A galvanometer is an electromechanical measuring instrument for electric current. It works by deflecting a pointer in response to an electric current flowing through a coil in a constant magnetic field. The movement of the pointer is directly proportional to the intensity of the electric current in the circuit. Galvanometers can be thought of as a kind of actuator. They were the first instruments used to detect and measure small amounts of current. Early galvanometers were uncalibrated, but improved versions, called ammeters, were calibrated and could measure the flow of current more precisely. Galvanometers have also been used as the display components of other kinds of analog meters (e.g., light meters and VU meters), capturing the outputs of these meters sensors.

The main parts of a galvanometer include a coil, a spring, and a needle. The coil is the part of the galvanometer through which the electric current to be measured travels. The spring is the joint between the coil and the needle that gives the measurement. The needle is the part that indicates the value of the measured electric current. There are different types of galvanometers, including the D’Arsonval/Weston type, the moving coil type, tangent galvanometer, astatic galvanometer, mirror galvanometer, and ballistic galvanometer.

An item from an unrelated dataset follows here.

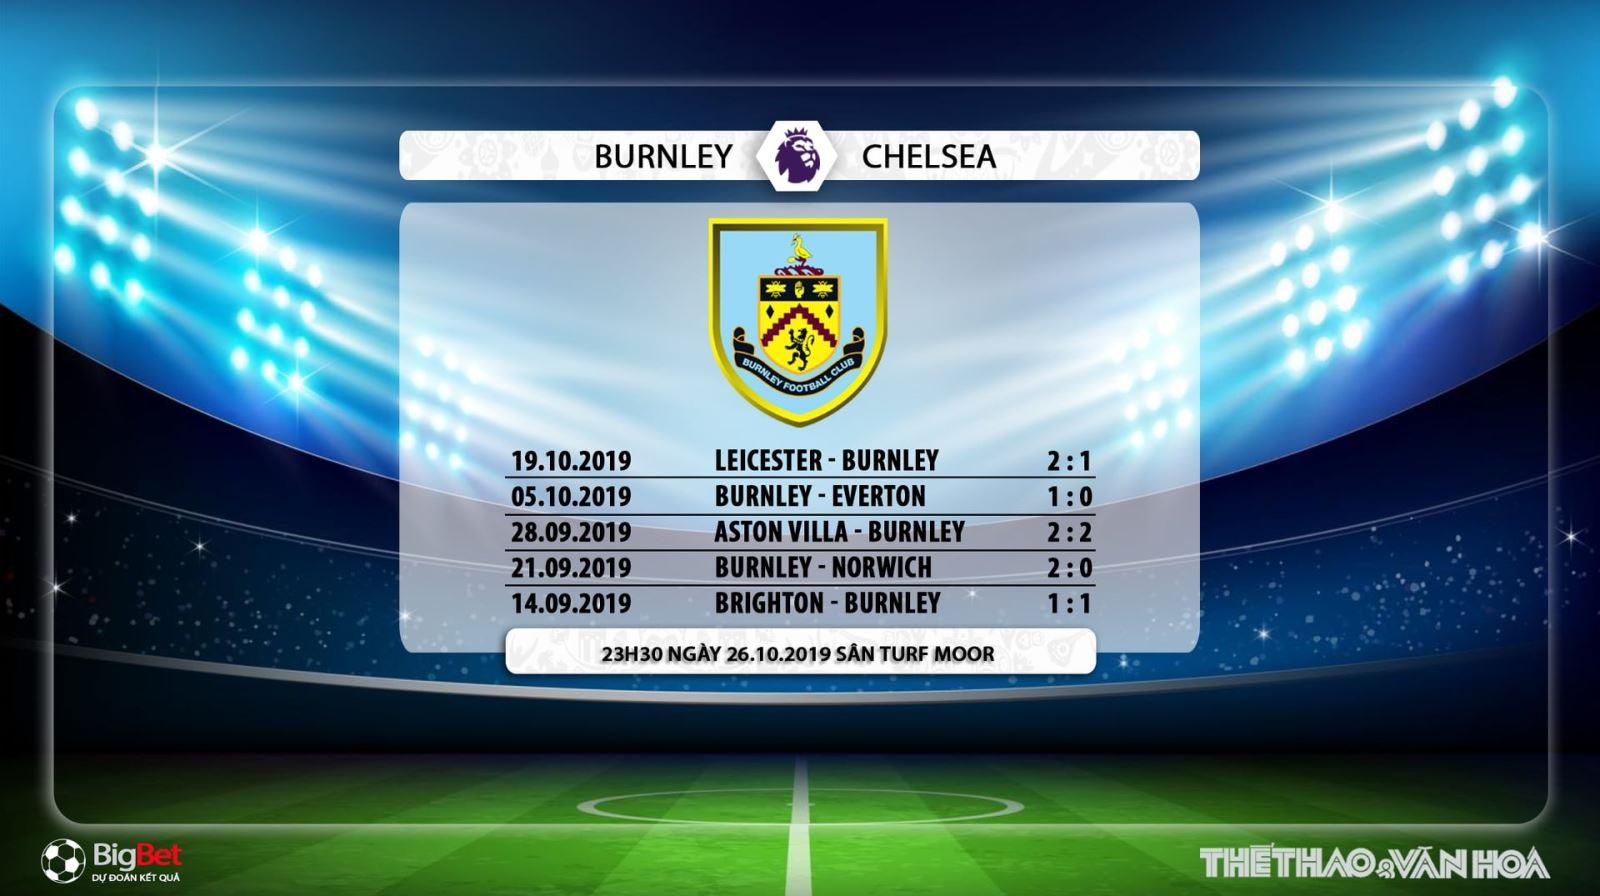 soi kèo bóng đá, Burnley vs Chelsea, truc tiep bong da hôm nay, Burnley đấu với Chelsea, trực tiếp bóng đá, K+, K+PM, K+PC, xem bóng đá trực tuyến, bóng đá

The moving coil galvanometer is a highly sensitive instrument that can measure low currents even of the order of a few microamperes. It is mainly divided into two types: suspended coil galvanometer and pivoted-coil or Weston galvanometer. When a current is passed through a coil in a magnetic field, the coil experiences a torque proportional to the current. If the coils movement is opposed by a coil spring, then the amount of deflection of a needle attached to the coil may be proportional to the current passing through the coil.

Galvanometers are used to detect or measure small electric currents by movements of a magnetic needle or of a coil in a magnetic field. They are also used to translate different kinds of electric quantities into pointer movements, making them ideal for turning the output of other sensors that output electricity into something that can be read by a human.